Another experiment in Greece discovered that the seed germination of Tylosema esculentum increases significantly in speed and emergence when the seeds are immersed in hot water for two to four minutes or dry heating for five minutes at 100 to 150 degrees Celsius. Soil is also an important factor to consider when growing this perennial legume plant. Tylosema esculentum grows best in a sandy soil texture, instead of a clay loam soil texture, because a sandy soil has optimal physical properties that allow the Marama bean to germinate quickly.

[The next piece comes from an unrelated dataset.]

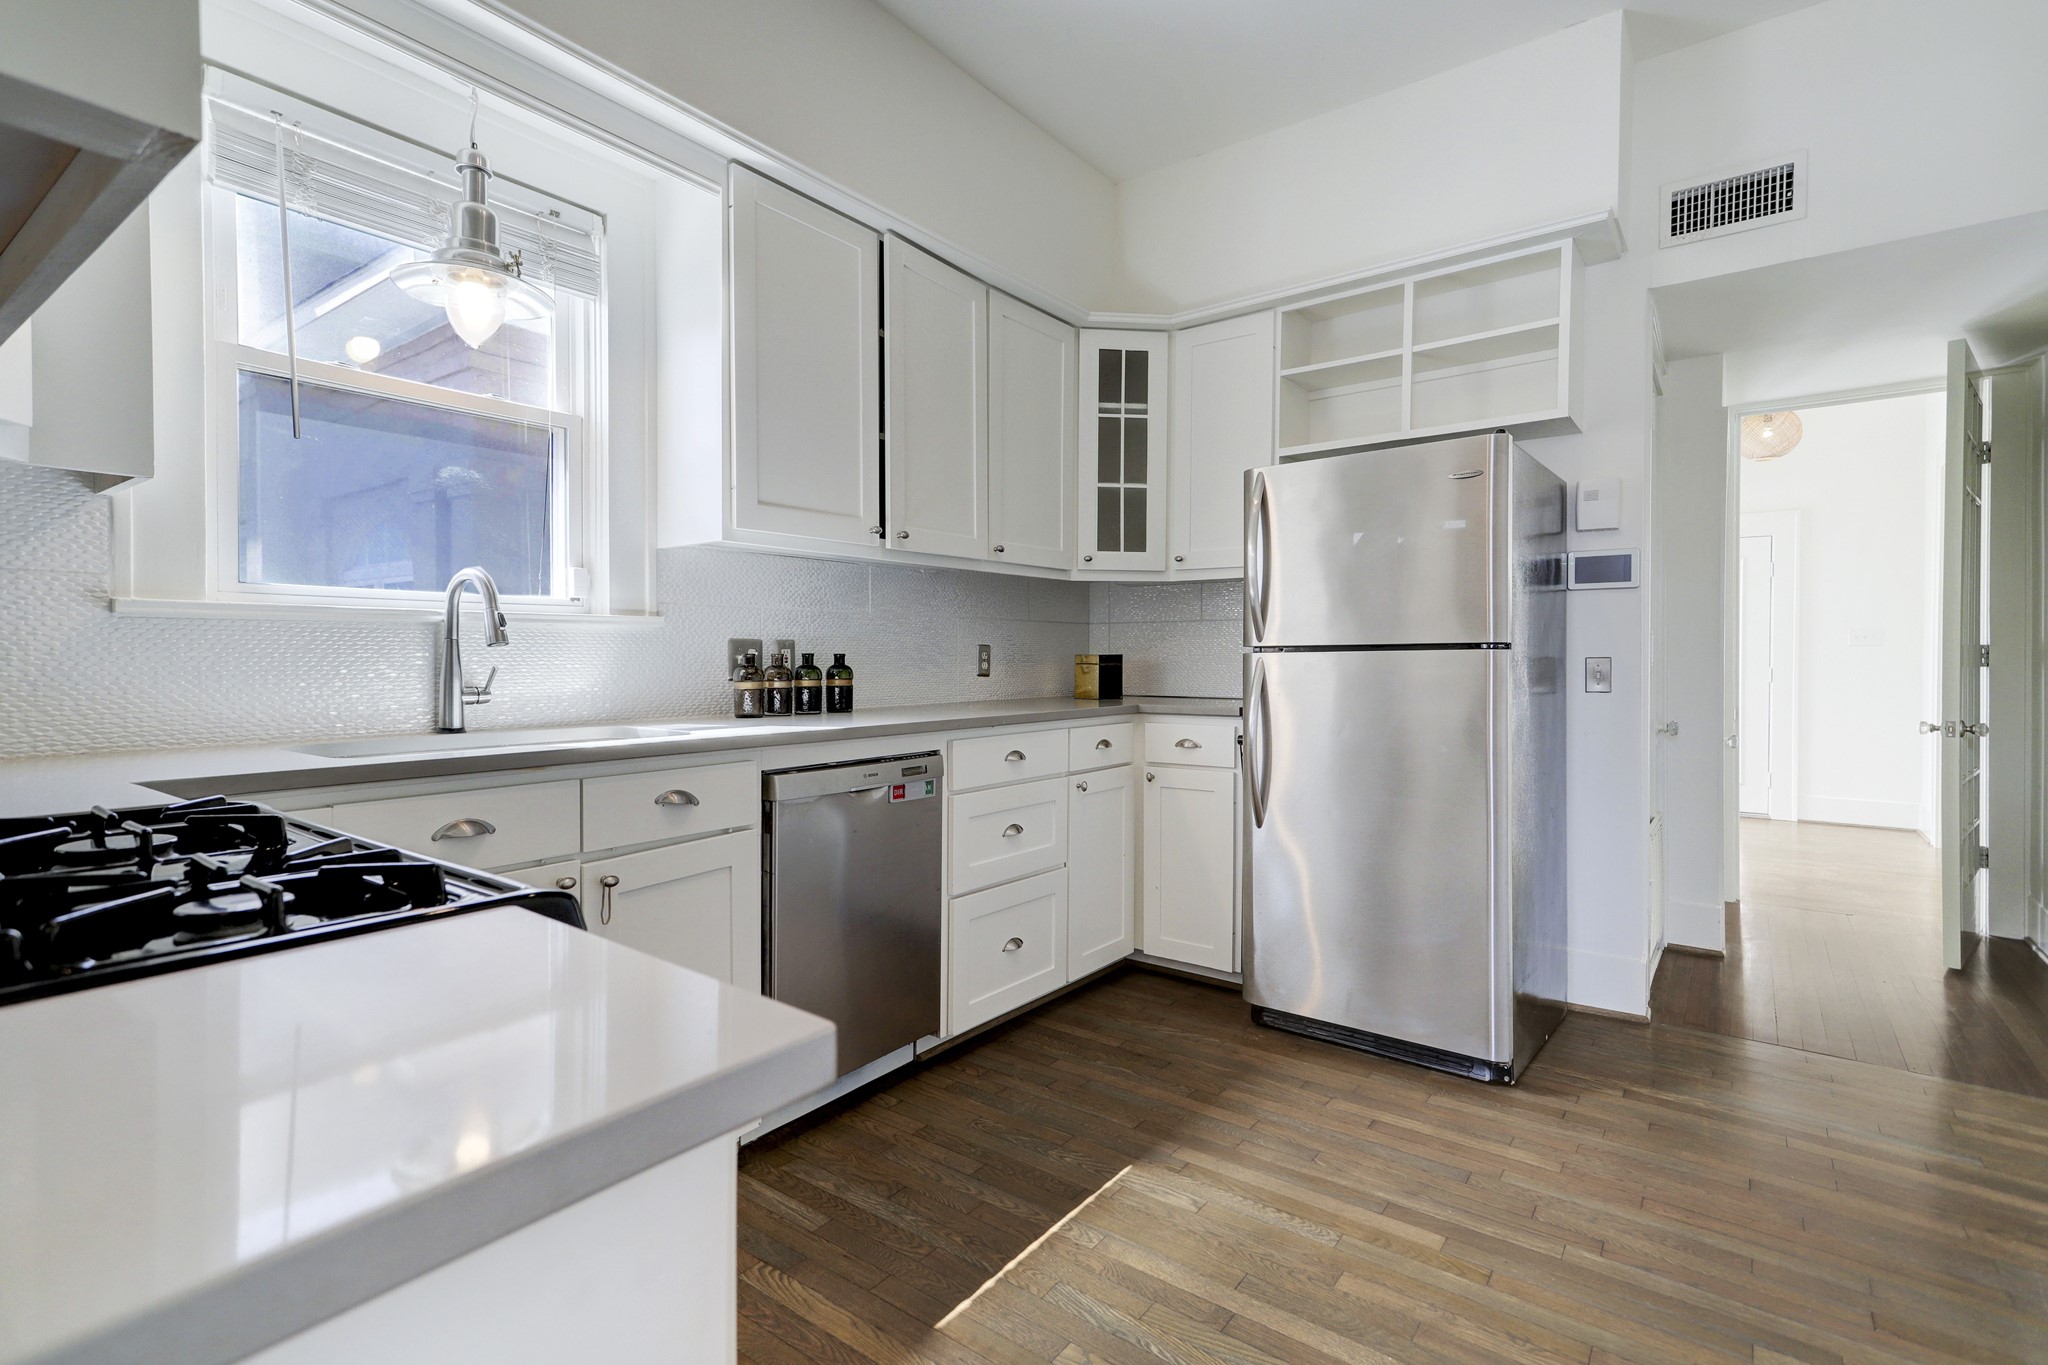 WITH PLENTY OF CABINET SPACE, GRANITE COUNTERTOPS AND CUSTOM BACKSPLASH, THIS KITCHEN HAS BEEN EQUIPPED WITH A BEAUTIFUL STAINLESS APPLIANCE PACKAGE!

== Heterostyly and its evolutionary significance ==
Tylosema esculentum is heterostylous, meaning that two or three morphological types of flowers exist in the population. For this specific legume, its pistil and anthers show reciprocal heights in two morphological types. Experiments involving in vivo fertilization (naturally occurring crosses of living organisms) and in vitro fertilization (crosses done in a laboratory setting) indicated that a two-allele self-incompatibility system exists in Tylosema esculentum. Having a successful self-incompatibility system evolutionarily benefits this plant because it promotes more out-crossing and in turn creates more diversity within a population. Diversity in a population is important and beneficial because the population has a stronger defense against a lethal or harmful virus or bacteria infecting the entire population. The evolutionary significance of Tylosema esculentum is that the discovery of the function heterostylous plant was the first in the family Fabaceae.